I have loved this band since the lifesblood ep. One of the first expirimental bands i liked in middle school. A time when i liked bands like mudvayne and Norma jean. They in many ways broke me out of my shell. Each release i've loved. Everyone had its own unique atmosphere. 

Yes it is true the bands latest outing isnt as intense or "heavy" as its predecessors. I ask WHO THE FUCK CARES? Mabey some brainless metal head or a snobby hardcore fan. Crack the skye is a psychedelic masterpiece IMO. This album may dissapoint some, but for me it is perfect. So much going on, yet the compositions are still beautiful and pieced together quite well. The vocals are great on this album IMO(again). Brent Hinds voice in particular. I suggest picking up a copy. 

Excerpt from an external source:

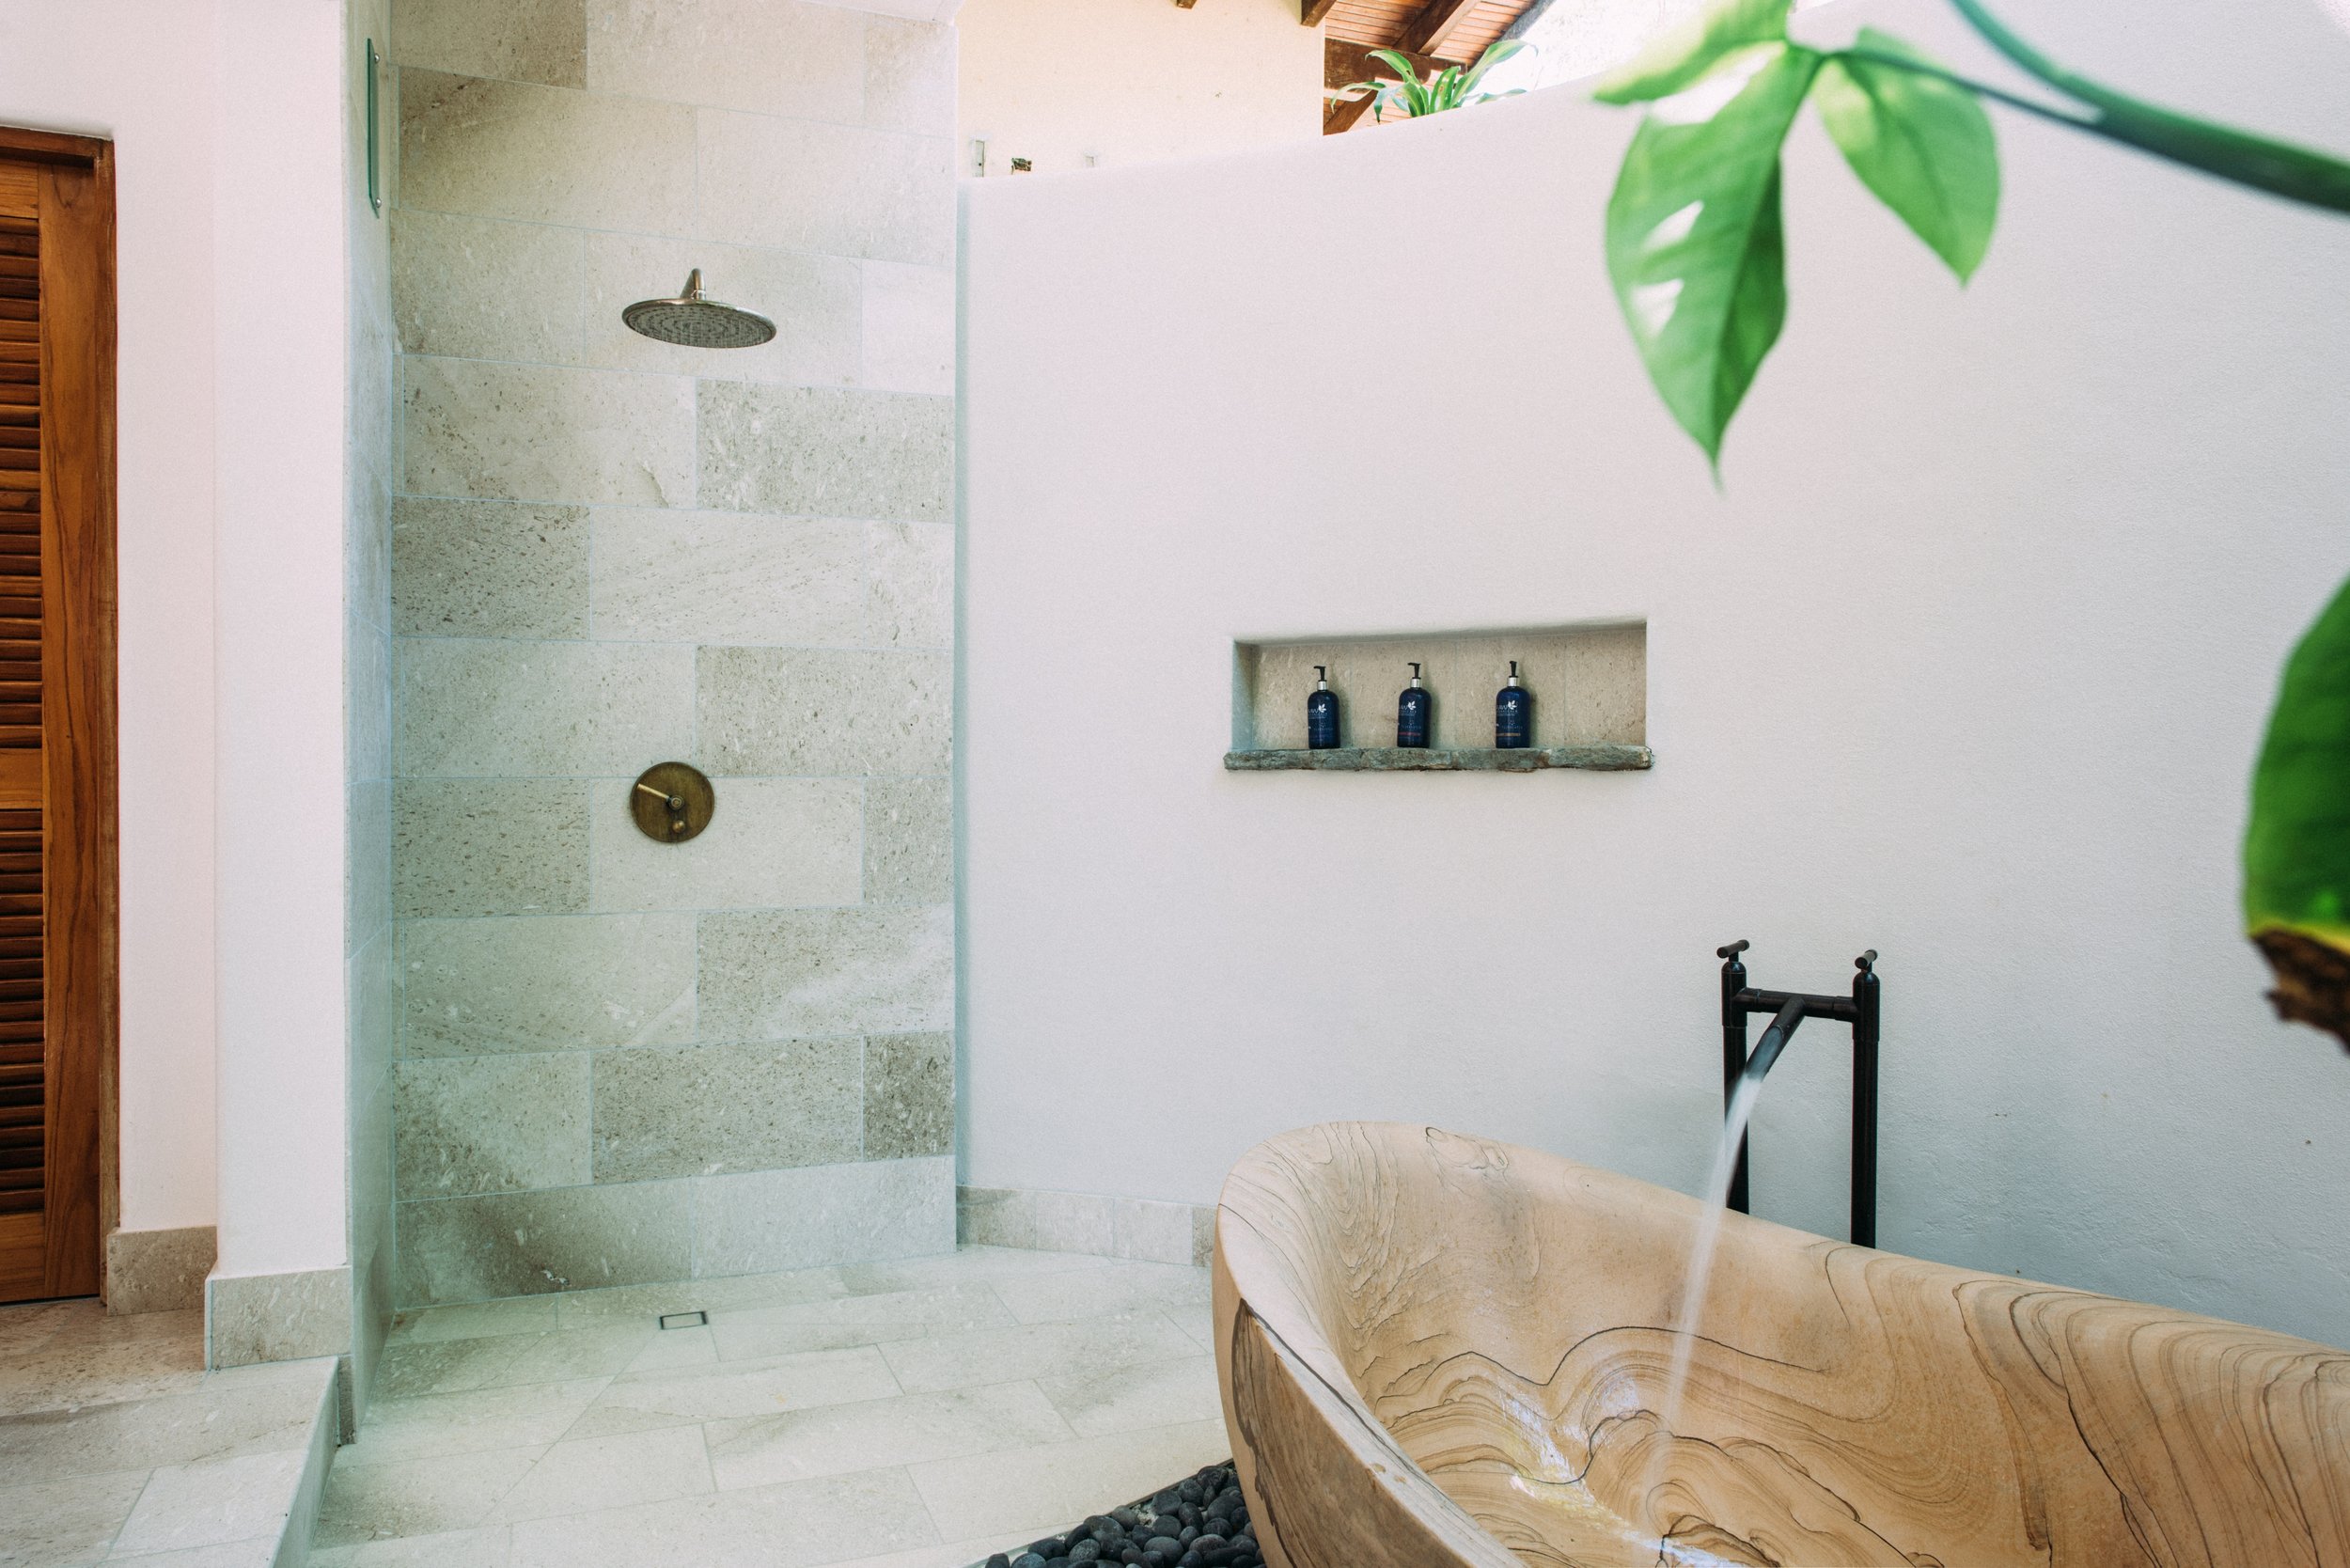 villa-private-bathroom-tub-and-shower.jpg

Although the sound has become a bit more tame. The moods, tones and atomosphere remain dark and aggresive. Yet the music glimers with such beauty(i know it sounds dumb corny but w.e.) Mastodons most progressive and unique album in my opinion. 


Now for the flaming.


Track listing and time

Oblivion-5:46

Divinations-3:32

Quintessence-5:28

The Czar-10:55

Ghost of Karelia-5:24

Crack The Skye(feat. Scott Kelly of neurosis)-5:54

The Last Baron-13:03


----------



## Bunneh45 (Mar 18, 2009)

I have never liked Mastodon that much, but I love Baroness (I just ordered Red Album). I listened to this album and it didn't impress me much. The reason I posed here was I saw the O))) in your nick and I am wondering if you listen to Sunn O))). I own the album Black One


----------



## ShaneO))) (Mar 18, 2009)

Bunneh45 said:


> I have never liked Mastodon that much, but I love Baroness (I just ordered Red Album). I listened to this album and it didn't impress me much. The reason I posed here was I saw the O))) in your nick and I am wondering if you listen to Sunn O))). I own the album Black One



I LOVE baroness. The red album was my number 1 LP of last year. I like sunn O))) but my name is more or less derived from the bass amps. Im a bassist yay meenz.


----------



## Bunneh45 (Mar 18, 2009)

Aah I almost forgot that Sunn O)) was named after the amps. I don't have much experience with amps and electric guitars (I play viola/violin), I just listen to the music 

Glad you like Baroness too 

Sorry for hijacking the topic, though, hehe. I'll give some of Mastodon a second listen because I liked some of it but wasn't connecting the first time. I don't listen to sludge that often, and I need to look further into some of the bands. The only other sludge bands I listen to are Zozobra (Just ordered Harmonic Tremors along with Red Album and another drone doom album - Touched by Nadja) and The Ocean (I love Precambrian, which I have, and Fluxion... if only I could find Fluxion somewhere :/).


----------



## Nocturne (Mar 19, 2009)

I LOVE mastodon!  I'm liking the new album so far, haven't heard too much of it.  Leviathan or Remission were their bes tin my opinion, but I dig their new direction too.


----------



## Bunneh45 (Mar 19, 2009)

I re-listened to Leviathan and I just don't like it :/

Red Album came in the mail today, though ^-^


----------



## Aden (Mar 19, 2009)

Oh shit, didn't realize this was out. Picking it up shortly...


----------



## ShaneO))) (Mar 20, 2009)

Bunneh45 said:


> I re-listened to Leviathan and I just don't like it :/
> 
> Red Album came in the mail today, though ^-^



Diffrent strokes, Yay meenz.


----------



## Bunneh45 (Mar 20, 2009)

ShaneO))) said:


> Diffrent strokes, Yay meenz.



... wut? o_o


----------



## ShaneO))) (Mar 21, 2009)

Bunneh45 said:


> ... wut? o_o



You know, "diffrent strokes...for diffrent folks."  Yay meenz= Ya dig? I know its confusing haha.


----------